Movimentação do Emprego Celetista nos Serviços do Estado de São Paulo 

Março 2025
Fonte: novo Caged
Elaboração: FecomercioSP

 

De acordo com a FecomercioSP, a reversão nas atividades administrativas, tradicionalmente sensíveis ao ciclo econômico, pode indicar ajustes de custo ou precauções diante das dúvidas macroeconômicas. Por outro lado, setores como saúde, informação e comunicação e, especialmente, transporte, armazenagem e correio ganharam tração em março, indicando a continuidade das tendências estruturais (como demanda logística, digitalização e serviços essenciais) e ajudando a compensar a perda de fôlego em áreas mais cíclicas.

 

[Gráfico 2]

Saldo do Emprego Celetista nos Serviços do Estado de São Paulo 

Série histórica (13 meses)

Fonte: novo Caged

Elaboração: FecomercioSP


 

No caso dos Serviços, a FecomercioSP também avalia que, para os próximos meses, será importante acompanhar se a desaceleração observada em março é um ponto fora da curva — influenciada por sazonalidades —, ou o início de um movimento mais estrutural de acomodação e desaceleração do mercado de trabalho formal.

 

Serviços em São Paulo

Na capital, o mercado de trabalho terminou os três primeiros meses do ano com 32.204 vagas, resultado de 506.815 admissões e 474.611 desligamentos. Apesar disso, houve forte desaceleração em março, quando o setor gerou apenas 3.024 novos postos. A FecomercioSP aponta que setores que vinham puxando o crescimento, como educação e serviços administrativos, apresentaram saldos negativos, indicando possível reversão ou ajuste de contratações após o início do ano.  

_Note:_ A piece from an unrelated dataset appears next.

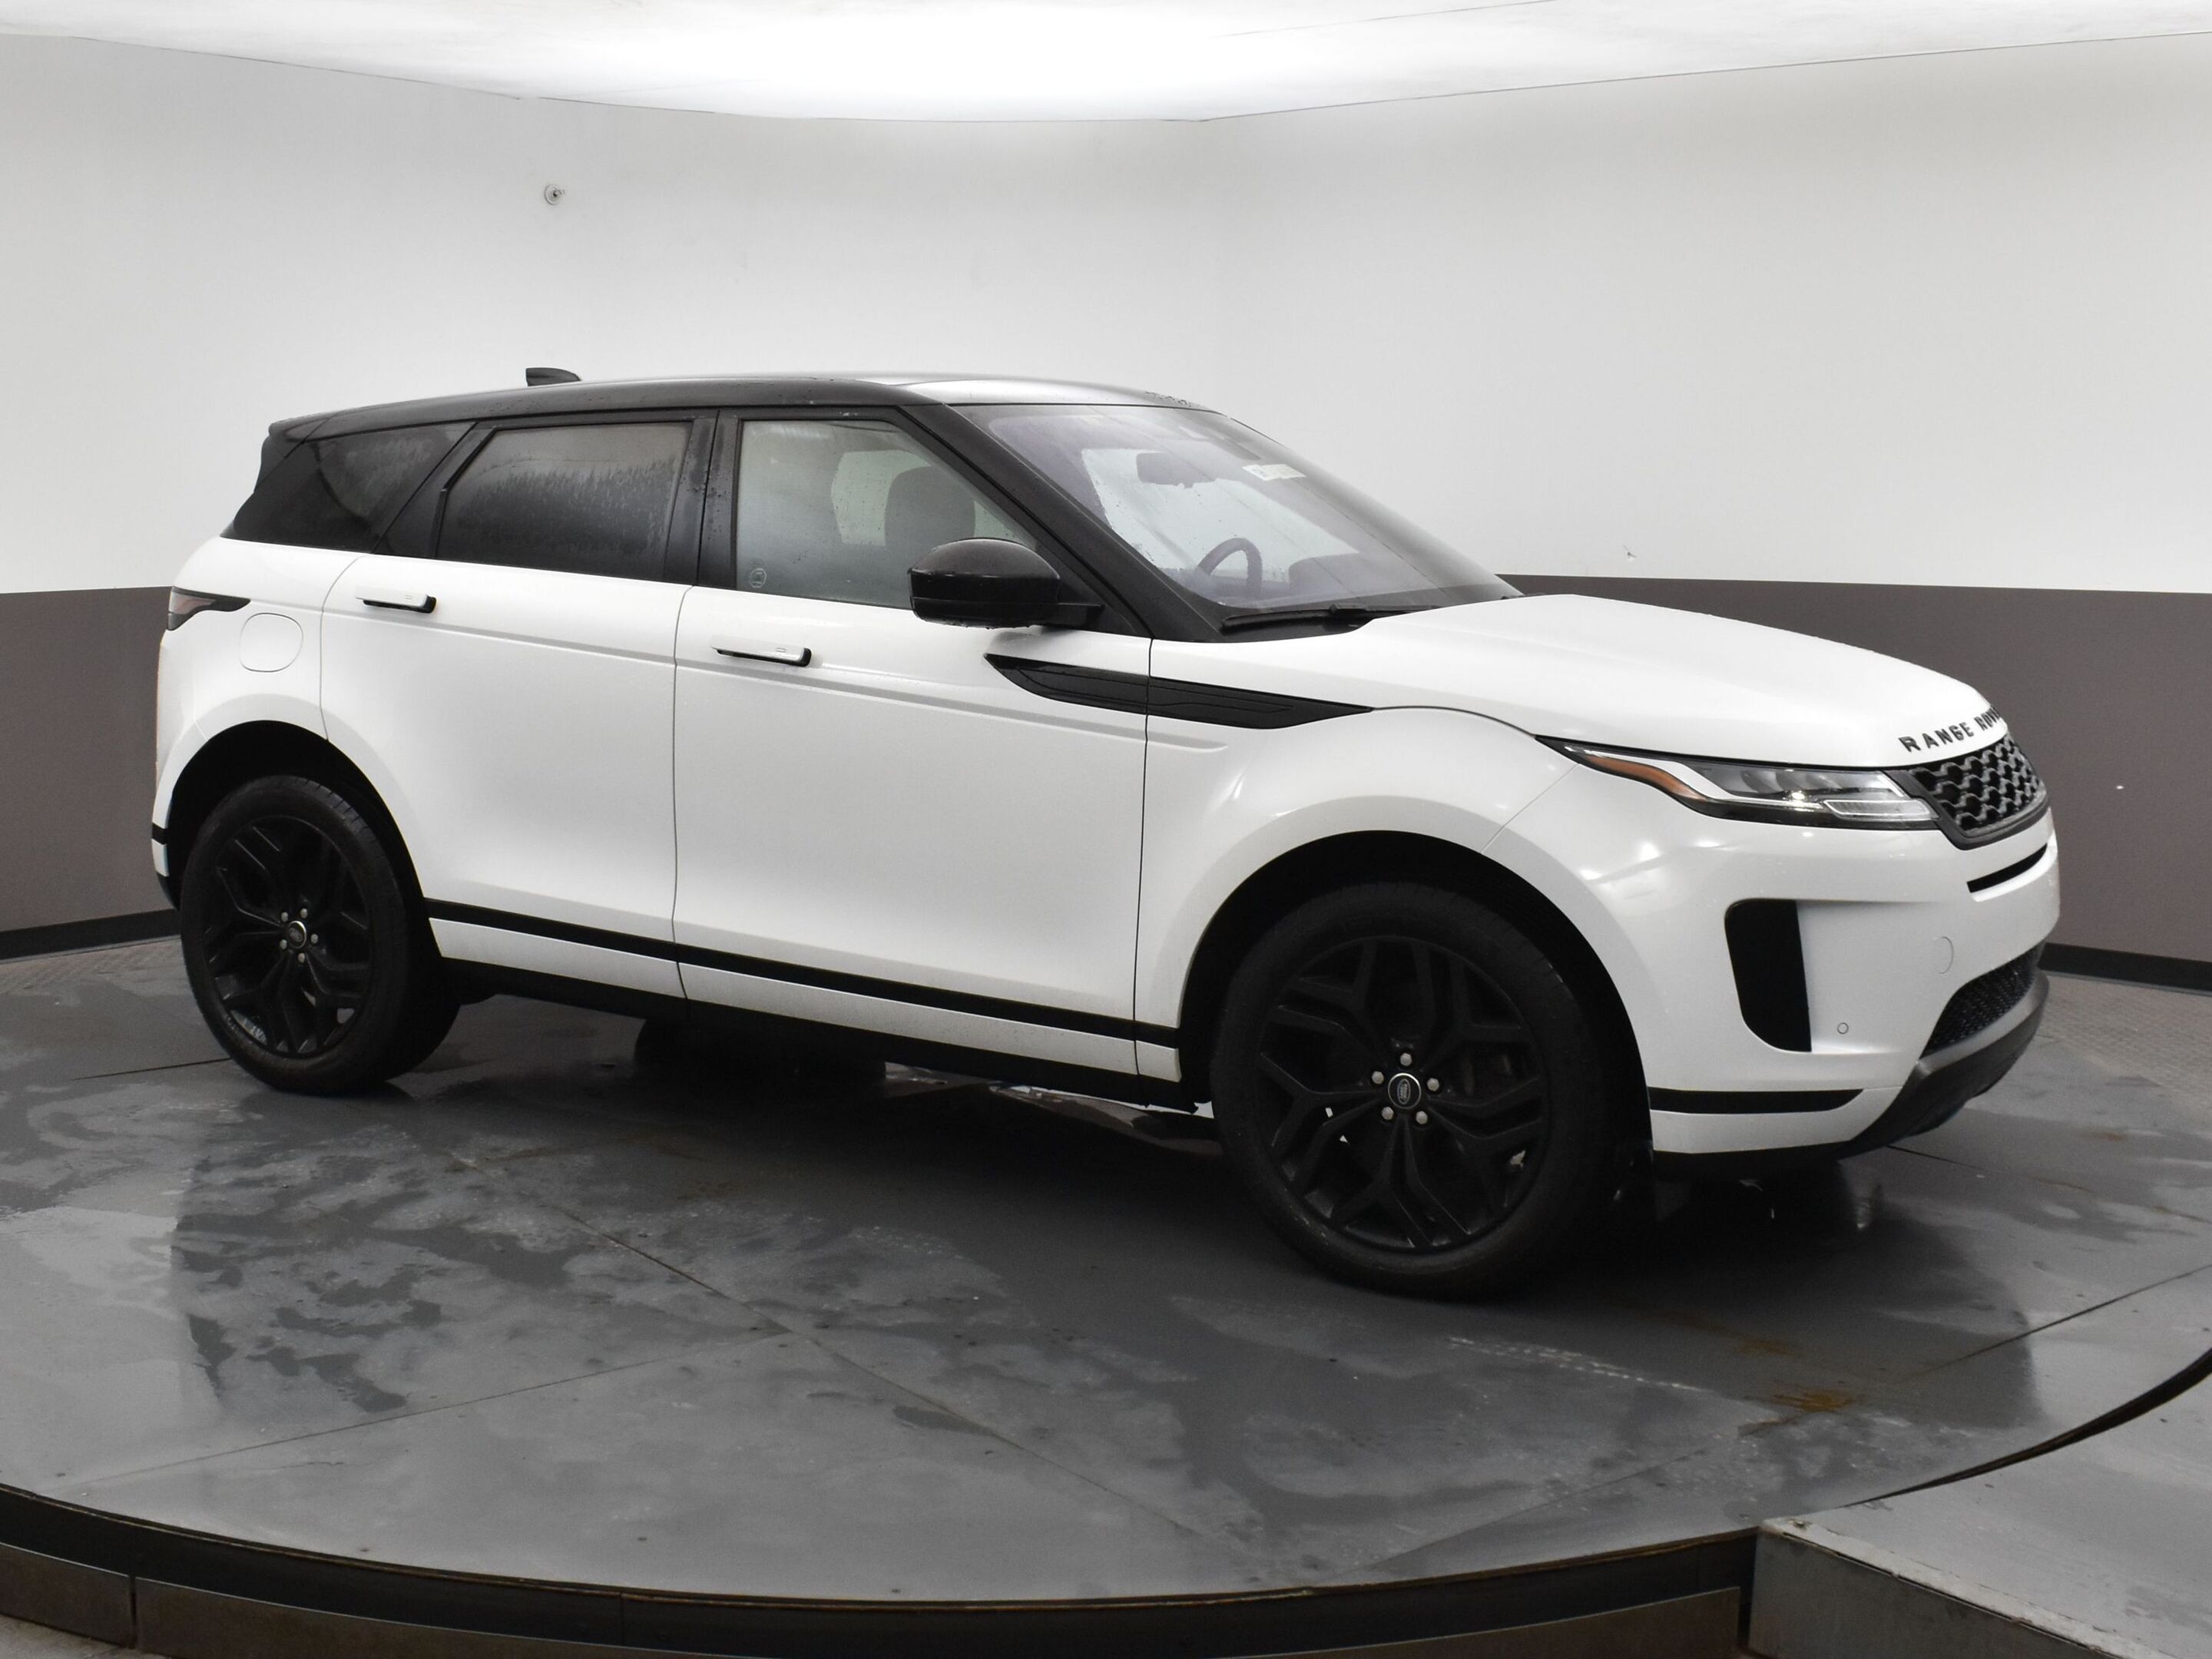 2020 Land Rover Range Rover Evoque S WITH HEATED SEATS, DUAL CLIMATE CONTROL, SMARTPH

Por outro lado, saúde, transporte e serviços profissionais mantiveram expansão, mesmo que em menor intensidade, sendo os principais responsáveis por evitar um saldo ainda menor. Segmentos como artes e cultura também apresentaram dinamismo, sugerindo continuidade da retomada presencial de eventos. A capital paulista mostra um perfil de retração mais acentuada do que o Estado, reforçando a necessidade de atenção com os setores mais sensíveis a oscilações de demanda e custos operacionais. 

 

Nota metodológica

A Pesquisa de Emprego no Estado de São Paulo (PESP) passou por reformulação em sua metodologia e, agora, analisa o nível de emprego celetista do comércio e serviços do Estado de São Paulo a partir de dados do novo Cadastro Geral de Empregados e Desempregados (Caged), elaborado pelo Ministério do Trabalho – passando a se chamar PESP de Comércio e Serviços.